Early encodings were all encoded in ASCII, using one byte to handle the encoding.For example, the uppercase A code is 65, but when dealing with Chinese, one byte is obviously not enough, at least two bytes, and it cannot conflict with ASCII. China has formulated GB2312 encoding and compiled Chinese into it.Similarly, South Korea and Japan have developed grid standards, and as a result, garbled characters will appear in multilingual mixed texts.Hence, Unicode came into being.Unicode unifies all languages into one encoding, so there will be no more garbled problems.Hence, Unicode came into being.Unicode unifies all languages into one encoding, so there will be no more garbled problems.A new problem has appeared again: if it is unified into Unicode encoding, the problem of garbled characters has disappeared since then.However, if the text you write is basically all in English, using Unicode encoding requires twice as much storage space as ASCII encoding, which is very uneconomical in terms of storage and transmission.
Therefore, in the spirit of saving, UTF-8 encoding, which converts Unicode encoding into "variable-length encoding", appeared again.UTF-8 encoding encodes a Unicode character into 1-6 bytes according to different number sizes, commonly used English letters are encoded into 1 byte, Chinese characters are usually 3 bytes, and only very rare characters will be encoded.Encoded into 4-6 bytes.If the text you want to transmit contains a lot of English characters, encoding in UTF-8 can save space. Python adds support for Unicode, and strings represented in Unicode are represented by u'ABC'.Although the string 'xxx' is ASCII encoding, it can also be regarded as UTF-8 encoding, while u'xxx' can only be Unicode encoding.Convert u'xxx' to UTF-8 encoded 'xxx' with the encode('utf-8') method.
>> u'ABC'.encode('utf-8')'ABC'>>> u'Chinese'.encode('utf-8')'\xe4\xb8\xad\xe6\x96\x87
Conversely, convert the string 'xxx' represented by UTF-8 encoding to the Unicode string u'xxx' using the decode('utf-8') method.

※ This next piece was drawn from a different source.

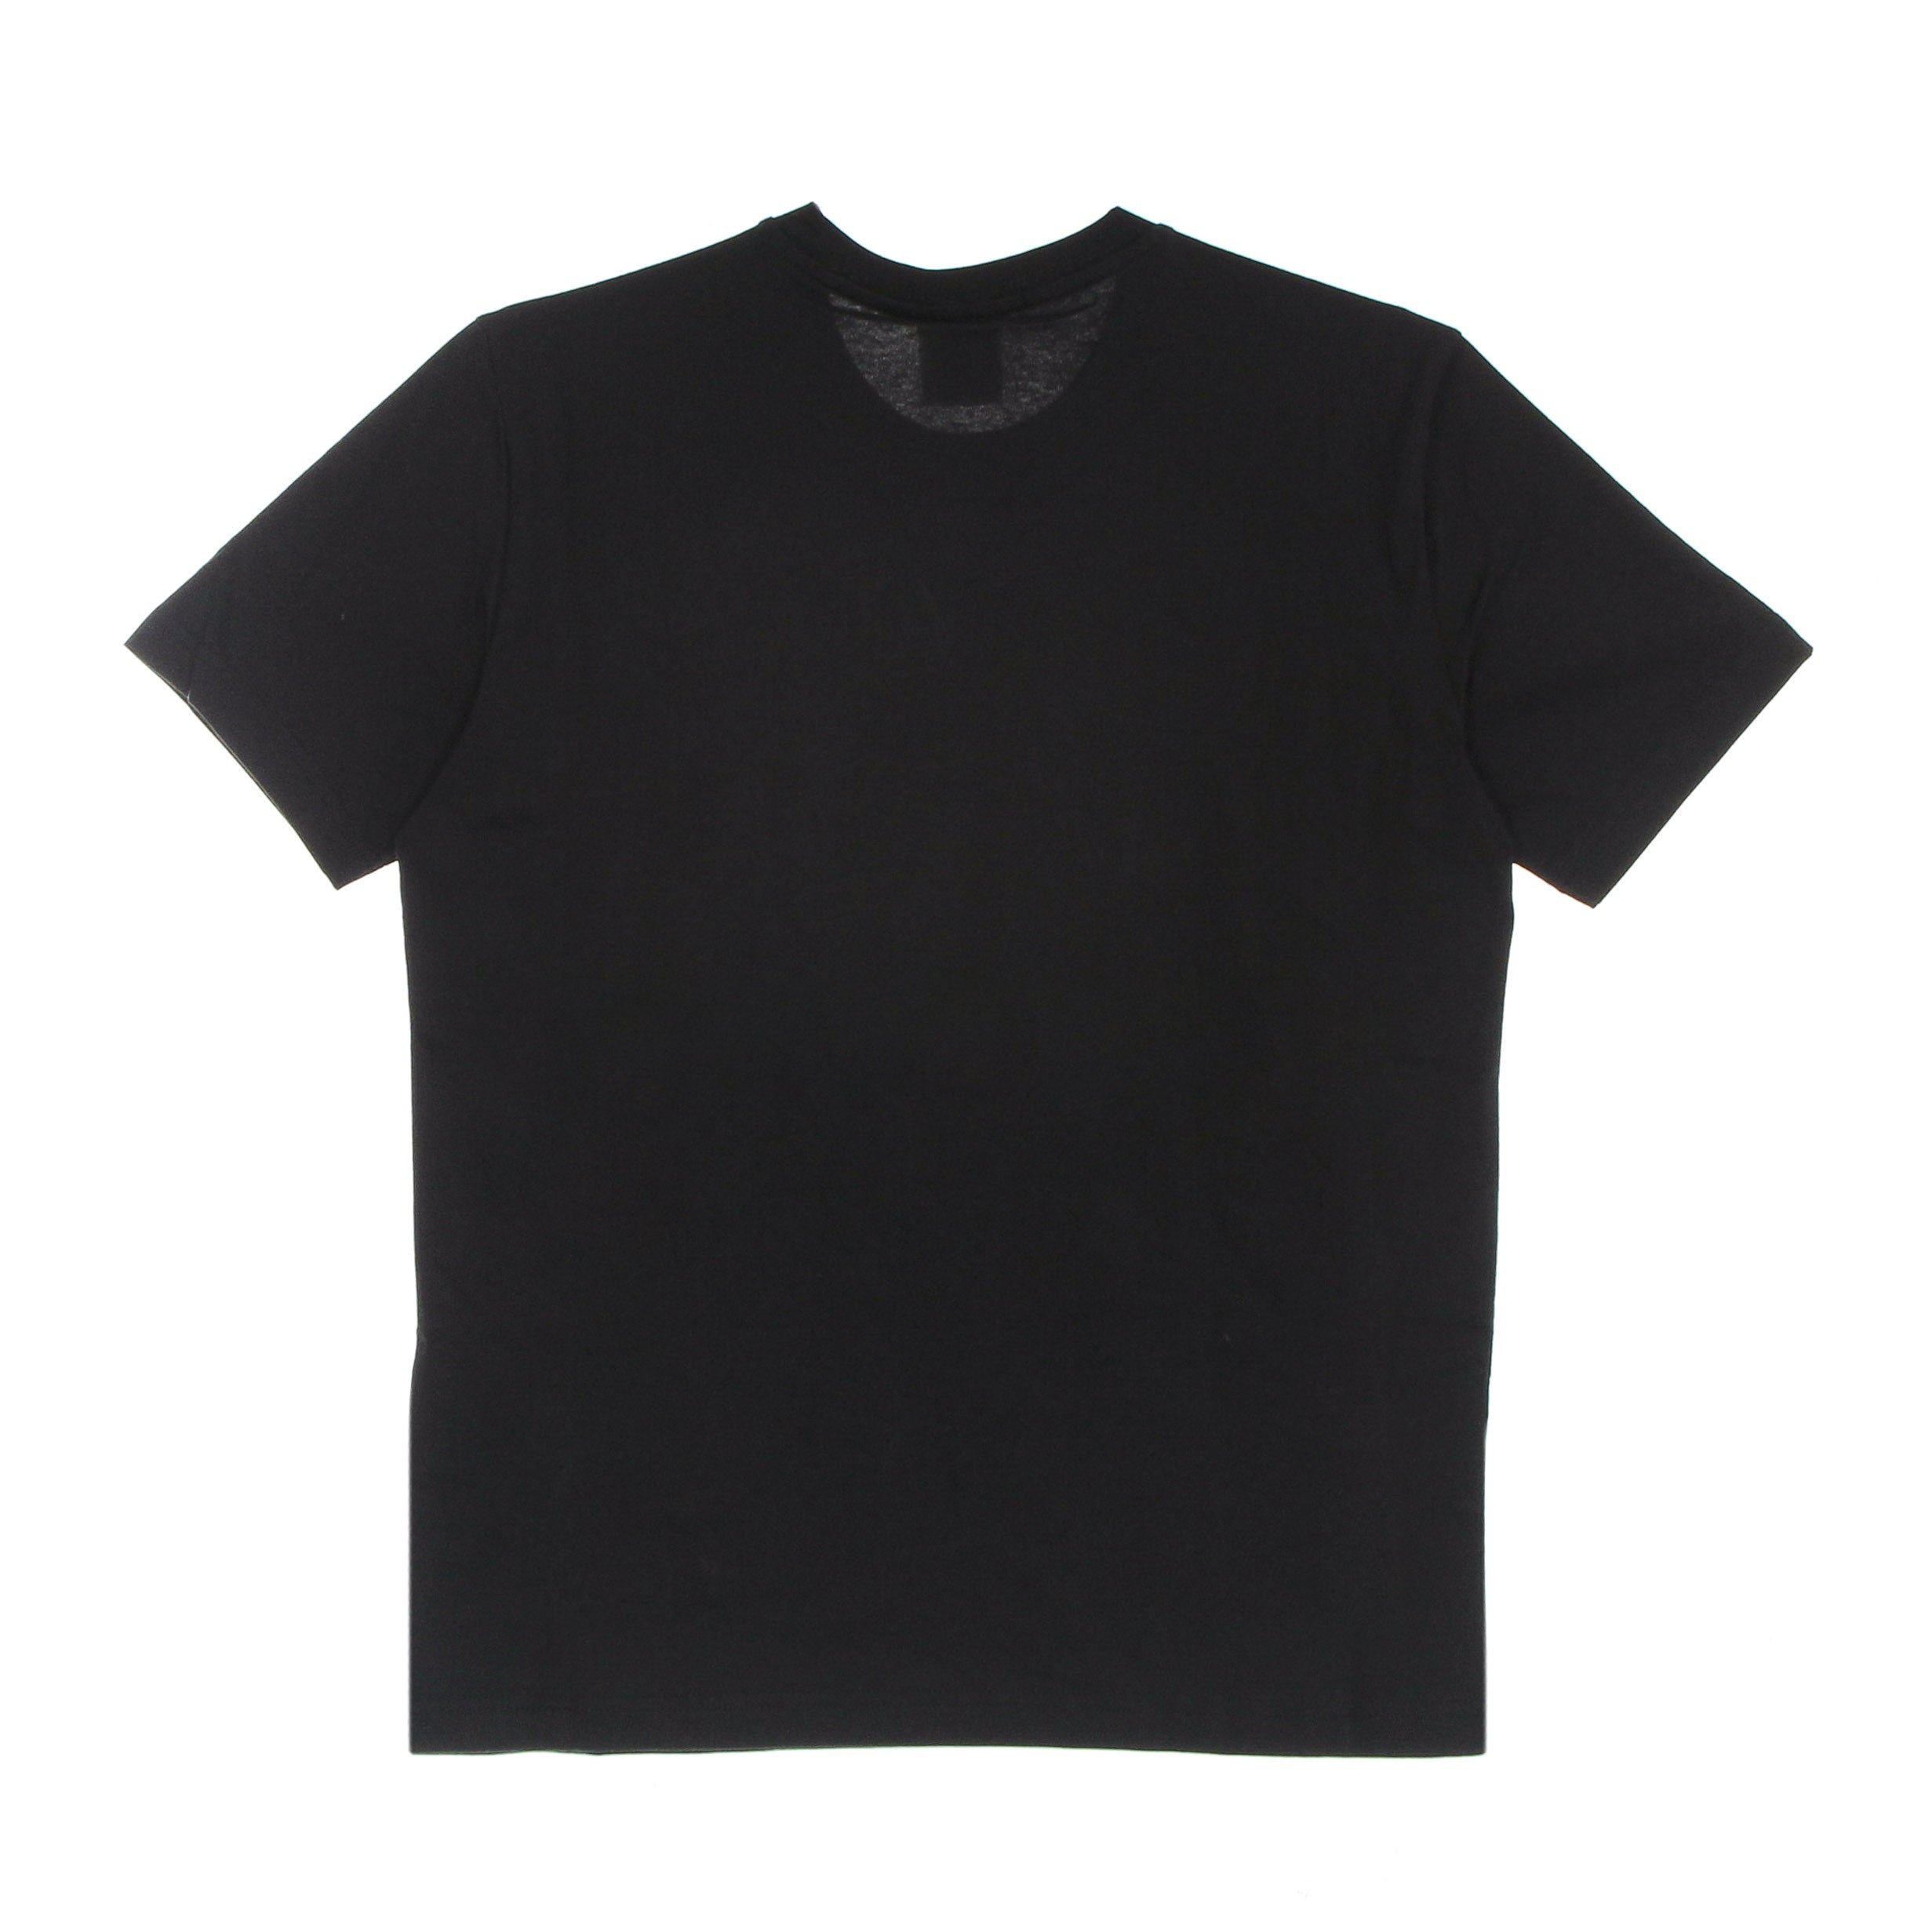 Ncaa Tee Harcri Black Men's T-Shirt

>>> 'abc'.decode('utf-8')u'abc'>>> '\xe4\xb8\xad\xe6\x96\x87'.decode('utf-8')u'\u4e2d\u6587'>>> print '\xe4\xb8\xad\xe6\x96\x87'.decode('utf-8')Chinese
Since the Python source code is also a text file, when your source code contains Chinese, you need to specify the UTF-8 encoding when saving the source code.When the Python interpreter reads the source code, in order to make it read in UTF-8 encoding, we usually write these two lines at the beginning of the file:
#!/usr/bin/env python# -*- coding: utf-8 -*-
The first line of comment is to tell the Linux/OS X system that this is a Python executable program, and the Windows system will ignore this comment;
The second line of comment is to tell the Python interpreter to read the source code according to UTF-8 encoding, otherwise, the Chinese output you wrote in the source code may have garbled characters.
About the Python regular expression matching Chinese, in fact, as long as you agree to the encoding, I use py2.7 on my computer, so add u before the string, and add u before the regular expression.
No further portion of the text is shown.